There was not much left to do on the little gowns. I could finish them off in an hour or so. And suddenly this seemed like a better investment of time than any amount of vacuuming. With my foot I pushed the machine back into the closet, threw the toys after it, and called, “Come on, kids. We’re going to see the Loom Lady.”

A
s we approached the Craft Shop, we fell in behind two women who had been hovering at the window looking in at Jennifer’s patchwork cushions. They opened the door and were about to step in when Jen emerged from the back regions and they saw her colour.
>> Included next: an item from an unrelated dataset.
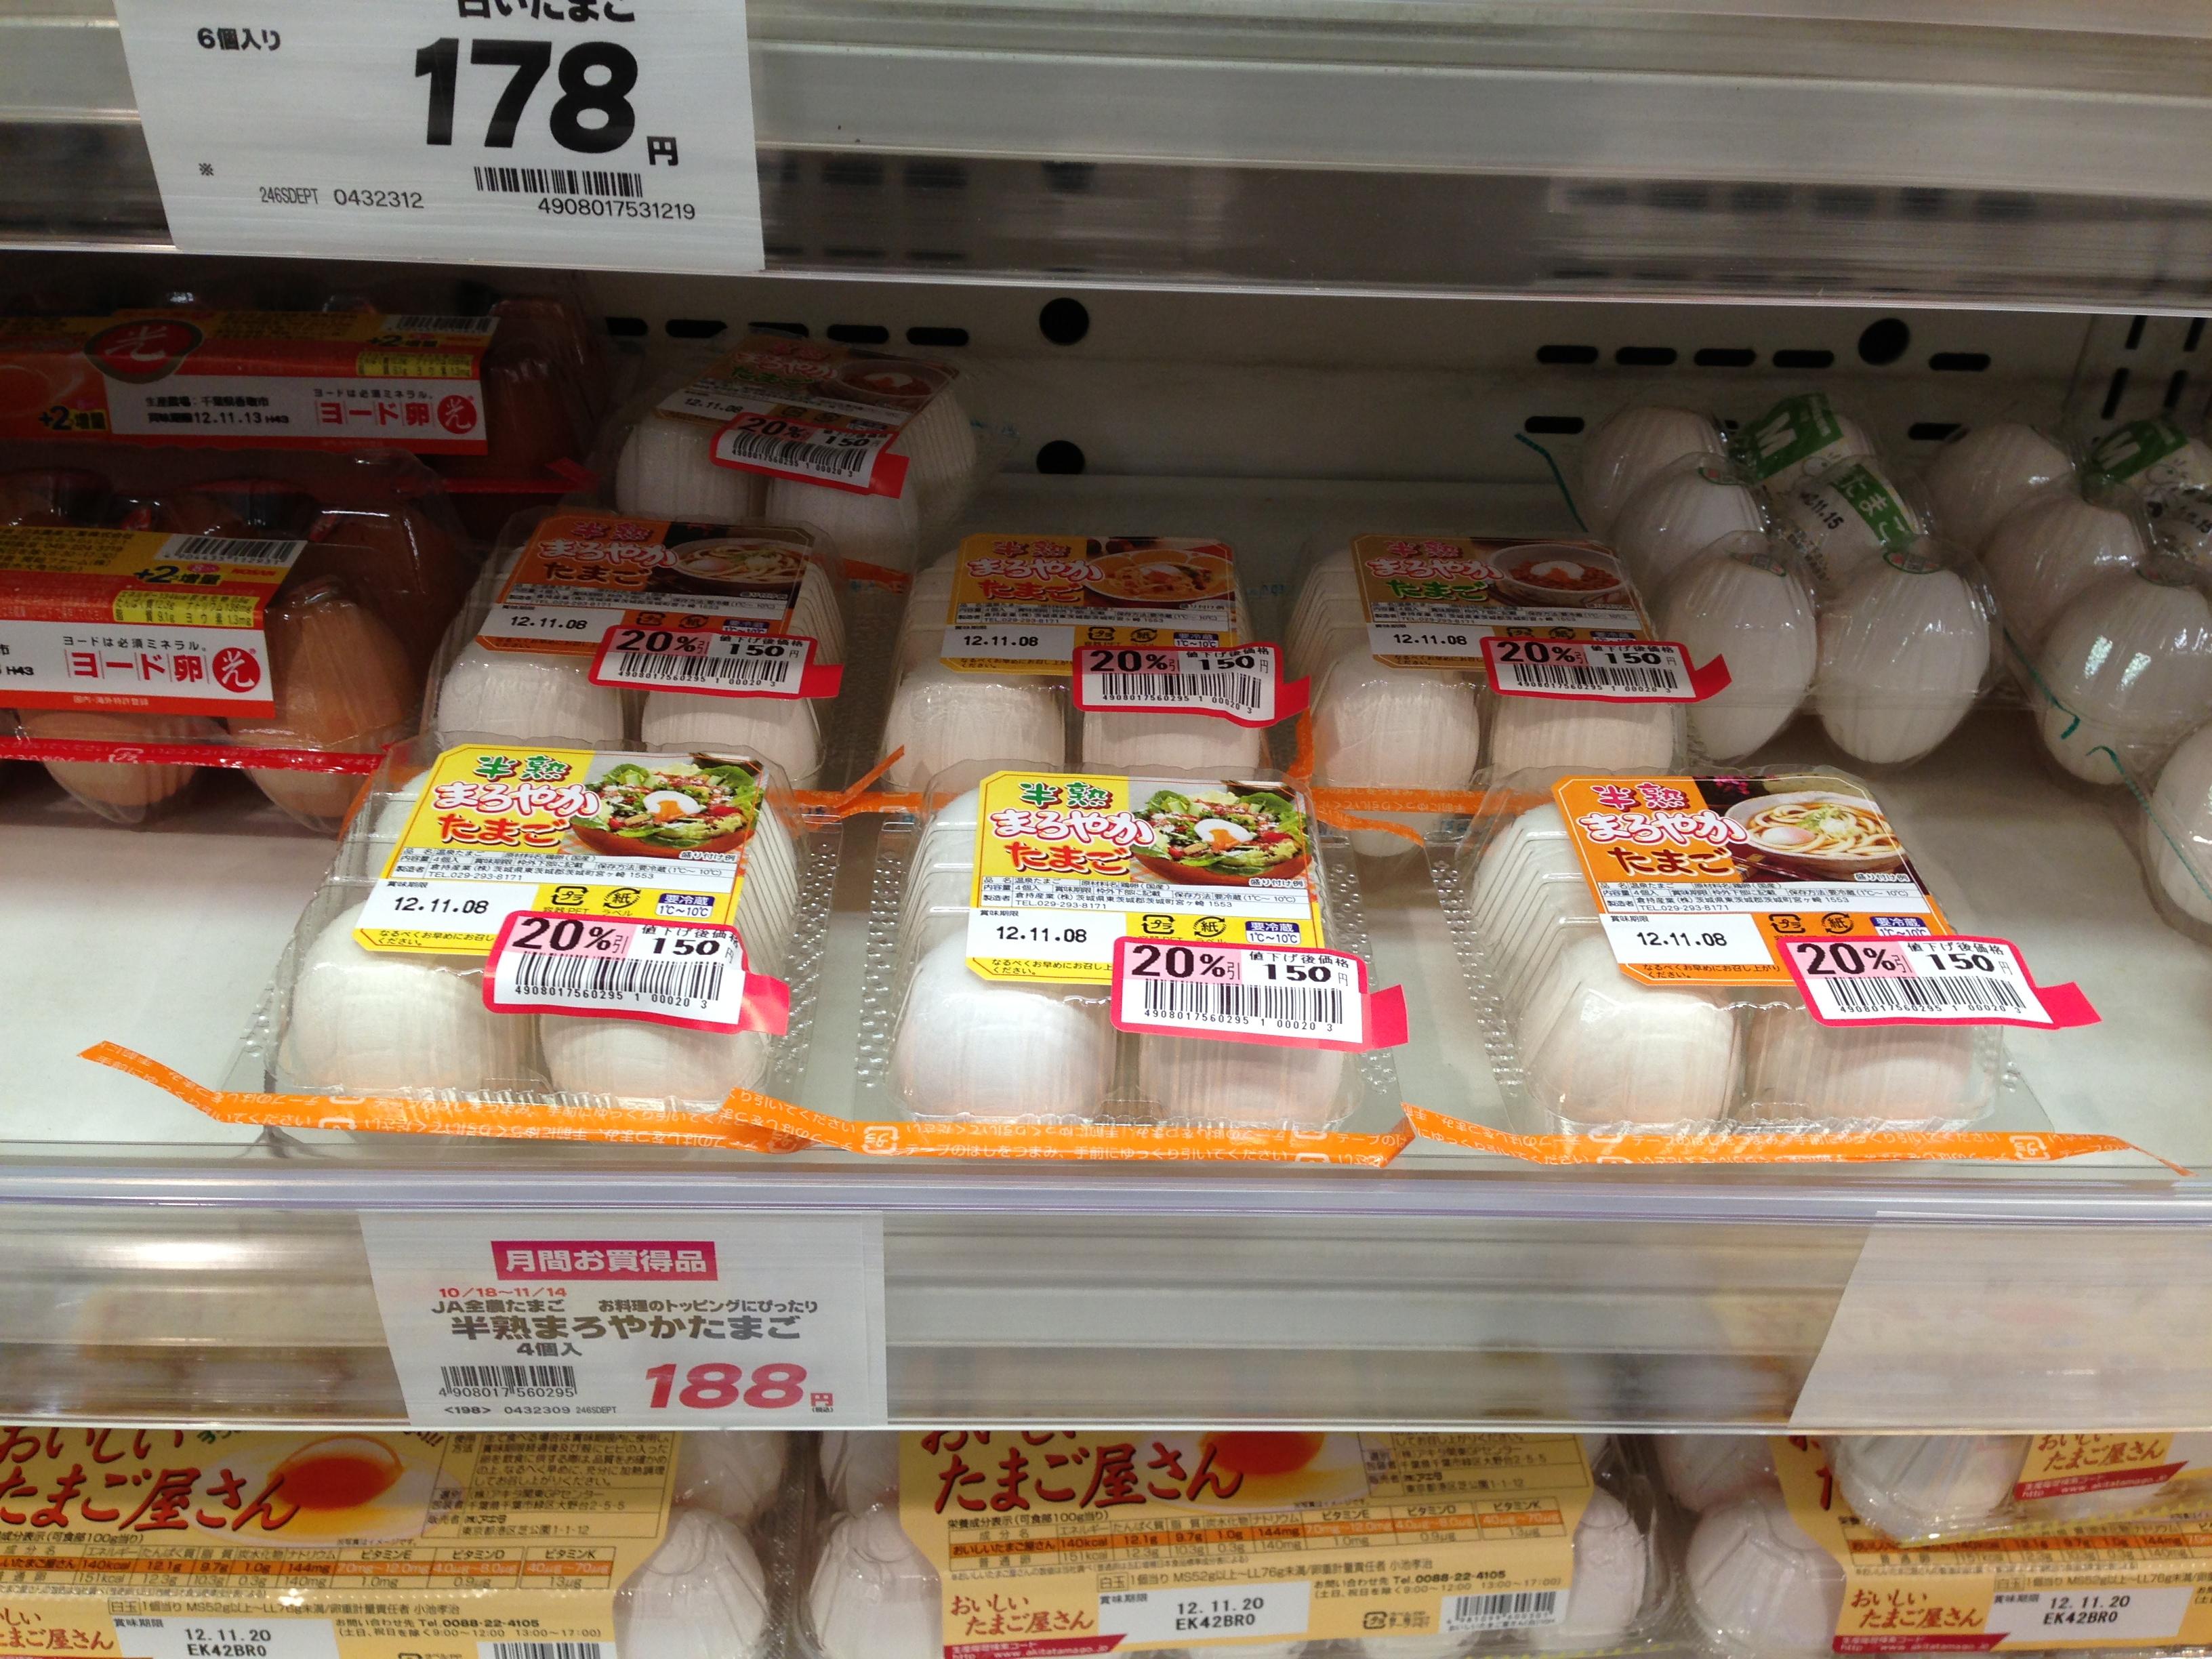 Pack de 4 huevos en el supermercado

Instantly they stepped back and turned away, all but trampling my kids in their haste to escape.

“Cows,” I said to Jen by way of greeting.

“Ah well,” she said calmly. “They’re entitled. It’s a free country.”

“But it must madden you, that people like that are still around.”

“No point in getting mad. It’s just one of those things. I reckon it will always be this way – human nature. The Bible’s got it right: ‘Can the Ethiopian change his skin, or the leopard his spots?’ No, they damn well can’t, either of them. So what can I do for you today? Come to buy a loom?”

“Funny lady.”

The kids disappeared to inspect the baby, who could be heard making faint, chirping noises in the background.

“No, I just need some blue cotton for smocking.”

“Right. Choose your blue.” She plucked a handful of little skeins out of a drawer and held them out to me. With a sigh I tried to identify which one matched my sample thread.